Graduate School of Science and Technology & NAIST Data Science Center, Nara Institute of Science and Technology, Nara, Japan.
Department of Biochemistry and Medical Genetics, University of Manitoba, Winnipeg, Canada.
BMC Bioinformatics. 2018 Jul 13;19(1):264. doi: 10.1186/s12859-018-2251-x.
There are different and complicated associations between genes and diseases. Finding the causal associations between genes and specific diseases is still challenging. In this work we present a method to predict novel associations of genes and pathways with inflammatory bowel disease (IBD) by integrating information of differential gene expression, protein-protein interaction and known disease genes related to IBD.
We downloaded IBD gene expression data from NCBI's Gene Expression Omnibus, performed statistical analysis to determine differentially expressed genes, collected known IBD genes from DisGeNet database, which were used to construct a IBD related PPI network with HIPPIE database. We adapted our graph-based clustering algorithm DPClusO to cluster the disease PPI network. We evaluated the statistical significance of the identified clusters in the context of determining the richness of IBD genes using Fisher's exact test and predicted novel genes related to IBD. We showed 93.8% of our predictions are correct in the context of other databases and published literatures related to IBD.

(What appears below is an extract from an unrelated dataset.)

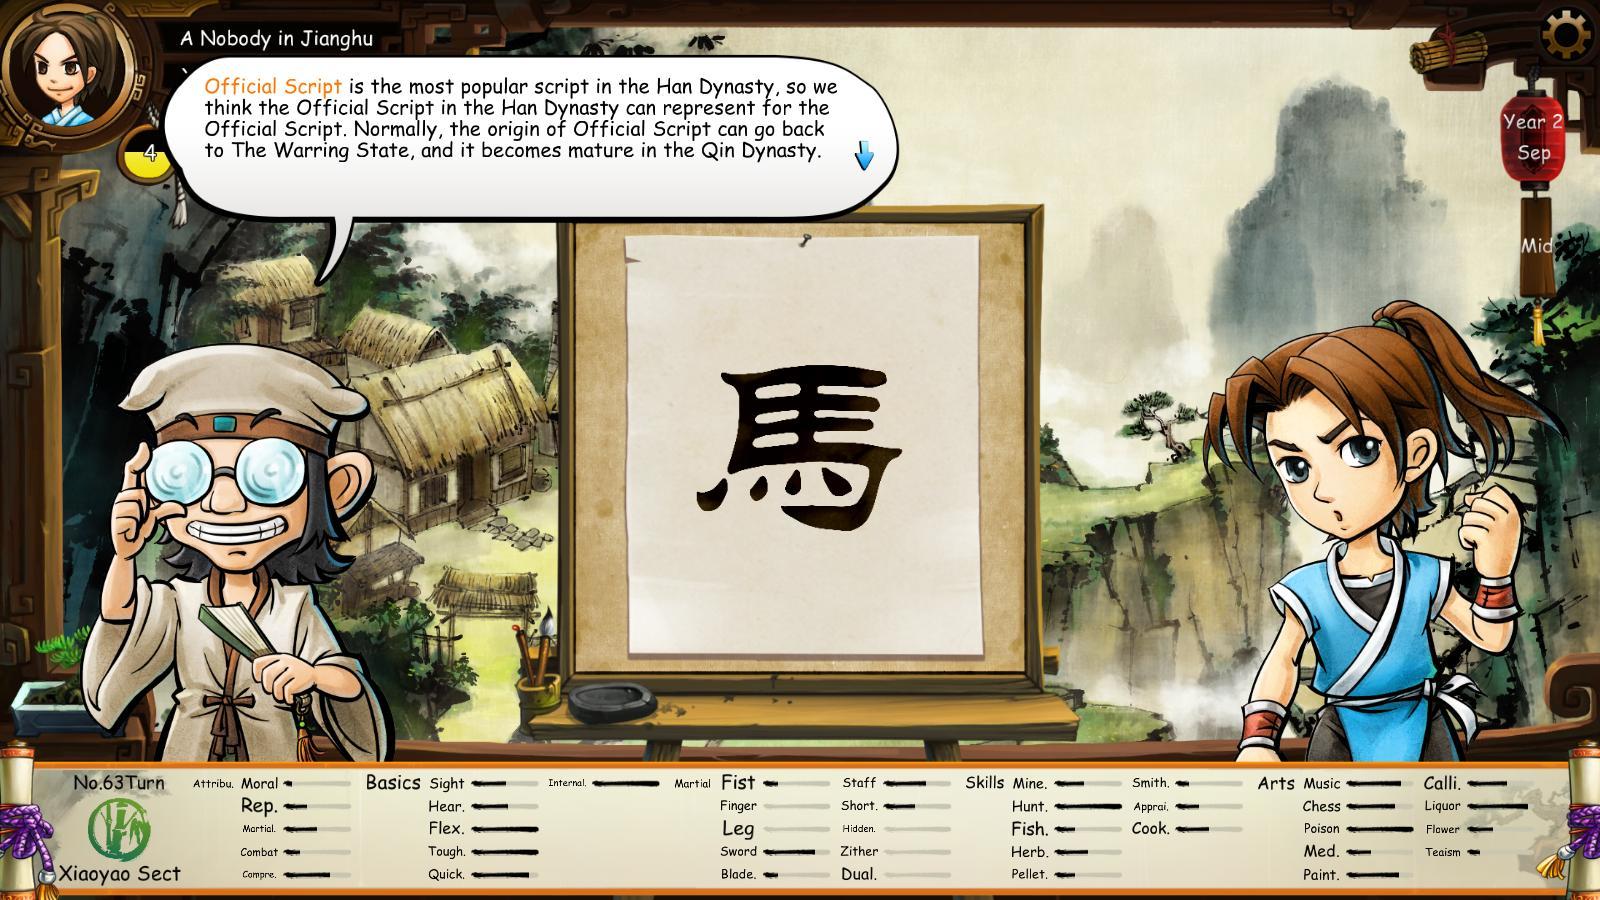 Screenshot of 侠客风云传(Tale of Wuxia)

Finding disease-causing genes is necessary for developing drugs with synergistic effect targeting many genes simultaneously. Here we present an approach to identify novel disease genes and pathways and discuss our approach in the context of IBD. The approach can be generalized to find disease-associated genes for other diseases.
基因与疾病之间存在着不同且复杂的关联。发现基因与特定疾病之间的因果关联仍然具有挑战性。在这项工作中,我们提出了一种通过整合差异基因表达、蛋白质-蛋白质相互作用和与 IBD 相关的已知疾病基因的信息,来预测基因和途径与炎症性肠病(IBD)之间新关联的方法。
我们从 NCBI 的基因表达综合数据库中下载了 IBD 基因表达数据,进行了统计分析以确定差异表达基因,从 DisGeNet 数据库中收集了已知的 IBD 基因,这些基因用于与 HIPPIE 数据库构建 IBD 相关的 PPI 网络。我们适应了我们的基于图的聚类算法 DPClusO 来聚类疾病 PPI 网络。我们使用 Fisher 精确检验评估了在确定 IBD 基因丰富度的背景下,识别出的聚类的统计显著性,并预测了与 IBD 相关的新基因。我们在其他数据库和与 IBD 相关的已发表文献的背景下,展示了我们 93.8%的预测是正确的。
找到致病基因对于开发同时针对多个基因具有协同作用的药物是必要的。在这里,我们提出了一种识别新的疾病基因和途径的方法,并在 IBD 的背景下讨论了我们的方法。该方法可以推广到寻找其他疾病的与疾病相关的基因。